** Opening INFORMATION block **

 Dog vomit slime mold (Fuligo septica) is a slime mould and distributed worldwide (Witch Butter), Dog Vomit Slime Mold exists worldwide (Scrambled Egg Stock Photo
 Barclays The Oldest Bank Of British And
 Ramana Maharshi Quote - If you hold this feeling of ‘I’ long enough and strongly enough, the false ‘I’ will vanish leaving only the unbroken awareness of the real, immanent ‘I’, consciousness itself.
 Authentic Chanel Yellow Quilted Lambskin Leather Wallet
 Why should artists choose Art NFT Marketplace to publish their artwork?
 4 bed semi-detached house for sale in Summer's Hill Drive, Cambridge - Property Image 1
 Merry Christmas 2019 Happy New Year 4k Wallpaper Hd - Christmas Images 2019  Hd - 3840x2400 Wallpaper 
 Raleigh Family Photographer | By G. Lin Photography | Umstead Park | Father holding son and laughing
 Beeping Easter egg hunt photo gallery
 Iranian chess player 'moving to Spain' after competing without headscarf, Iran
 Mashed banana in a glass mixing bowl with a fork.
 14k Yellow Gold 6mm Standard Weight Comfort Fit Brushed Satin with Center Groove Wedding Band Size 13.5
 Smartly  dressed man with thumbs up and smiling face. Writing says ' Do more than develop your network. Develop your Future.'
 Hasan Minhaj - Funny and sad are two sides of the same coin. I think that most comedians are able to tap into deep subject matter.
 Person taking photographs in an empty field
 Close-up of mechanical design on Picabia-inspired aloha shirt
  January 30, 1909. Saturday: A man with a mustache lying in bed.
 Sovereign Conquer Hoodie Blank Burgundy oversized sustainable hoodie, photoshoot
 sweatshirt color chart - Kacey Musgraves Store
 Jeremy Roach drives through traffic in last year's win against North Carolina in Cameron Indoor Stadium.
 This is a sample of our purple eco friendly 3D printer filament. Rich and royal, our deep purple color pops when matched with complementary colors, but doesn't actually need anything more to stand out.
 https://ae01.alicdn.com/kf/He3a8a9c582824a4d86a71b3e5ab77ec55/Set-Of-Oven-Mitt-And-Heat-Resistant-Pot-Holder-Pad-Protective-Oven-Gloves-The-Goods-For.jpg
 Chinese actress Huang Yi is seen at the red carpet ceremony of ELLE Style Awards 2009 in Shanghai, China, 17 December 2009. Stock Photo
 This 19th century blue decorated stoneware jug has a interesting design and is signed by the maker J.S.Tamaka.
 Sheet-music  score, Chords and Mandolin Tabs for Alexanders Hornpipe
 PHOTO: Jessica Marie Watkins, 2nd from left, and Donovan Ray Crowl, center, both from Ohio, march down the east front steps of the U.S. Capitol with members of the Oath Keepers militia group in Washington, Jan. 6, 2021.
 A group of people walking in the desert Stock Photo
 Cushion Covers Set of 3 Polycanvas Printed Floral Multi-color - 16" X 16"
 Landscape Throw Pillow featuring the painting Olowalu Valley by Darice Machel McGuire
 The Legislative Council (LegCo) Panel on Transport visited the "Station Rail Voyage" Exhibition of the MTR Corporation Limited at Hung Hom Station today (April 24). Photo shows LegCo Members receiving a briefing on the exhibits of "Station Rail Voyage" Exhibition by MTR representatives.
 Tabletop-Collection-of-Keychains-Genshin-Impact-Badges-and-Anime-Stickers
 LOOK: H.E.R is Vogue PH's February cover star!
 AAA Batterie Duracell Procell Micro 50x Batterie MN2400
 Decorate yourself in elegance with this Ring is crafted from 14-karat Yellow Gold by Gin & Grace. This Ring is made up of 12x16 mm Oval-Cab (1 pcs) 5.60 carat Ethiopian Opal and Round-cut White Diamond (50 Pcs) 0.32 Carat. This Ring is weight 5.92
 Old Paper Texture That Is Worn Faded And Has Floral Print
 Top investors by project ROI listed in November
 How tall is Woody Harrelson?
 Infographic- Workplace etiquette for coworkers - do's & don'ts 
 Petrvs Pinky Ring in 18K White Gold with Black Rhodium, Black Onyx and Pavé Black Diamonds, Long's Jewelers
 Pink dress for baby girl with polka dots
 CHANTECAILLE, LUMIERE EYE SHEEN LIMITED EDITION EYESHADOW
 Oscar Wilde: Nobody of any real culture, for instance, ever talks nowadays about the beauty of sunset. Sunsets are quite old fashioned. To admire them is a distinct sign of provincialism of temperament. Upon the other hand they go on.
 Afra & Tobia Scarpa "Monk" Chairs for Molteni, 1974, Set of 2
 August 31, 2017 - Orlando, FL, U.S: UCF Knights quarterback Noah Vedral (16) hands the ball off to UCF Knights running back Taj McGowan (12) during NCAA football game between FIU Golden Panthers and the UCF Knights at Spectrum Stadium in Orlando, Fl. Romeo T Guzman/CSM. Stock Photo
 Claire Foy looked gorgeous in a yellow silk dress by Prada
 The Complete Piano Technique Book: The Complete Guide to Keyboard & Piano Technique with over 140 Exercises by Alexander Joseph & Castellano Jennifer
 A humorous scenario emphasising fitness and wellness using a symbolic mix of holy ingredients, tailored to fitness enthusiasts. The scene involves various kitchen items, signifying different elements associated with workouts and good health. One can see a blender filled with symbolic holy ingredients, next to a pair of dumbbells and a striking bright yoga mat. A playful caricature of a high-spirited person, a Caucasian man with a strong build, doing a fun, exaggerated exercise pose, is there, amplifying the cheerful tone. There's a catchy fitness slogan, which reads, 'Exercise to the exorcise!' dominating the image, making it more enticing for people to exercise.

** Closing INFORMATION block **

Using the material above, transcribe exactly the lines from the line with "AAA Batterie Duracell" to the line with "CHANTECAILLE, LUMIERE EYE"; both count, and nothing else goes in.

- _TASK RESPONSE_:
 AAA Batterie Duracell Procell Micro 50x Batterie MN2400
 Decorate yourself in elegance with this Ring is crafted from 14-karat Yellow Gold by Gin & Grace. This Ring is made up of 12x16 mm Oval-Cab (1 pcs) 5.60 carat Ethiopian Opal and Round-cut White Diamond (50 Pcs) 0.32 Carat. This Ring is weight 5.92
 Old Paper Texture That Is Worn Faded And Has Floral Print
 Top investors by project ROI listed in November
 How tall is Woody Harrelson?
 Infographic- Workplace etiquette for coworkers - do's & don'ts 
 Petrvs Pinky Ring in 18K White Gold with Black Rhodium, Black Onyx and Pavé Black Diamonds, Long's Jewelers
 Pink dress for baby girl with polka dots
 CHANTECAILLE, LUMIERE EYE SHEEN LIMITED EDITION EYESHADOW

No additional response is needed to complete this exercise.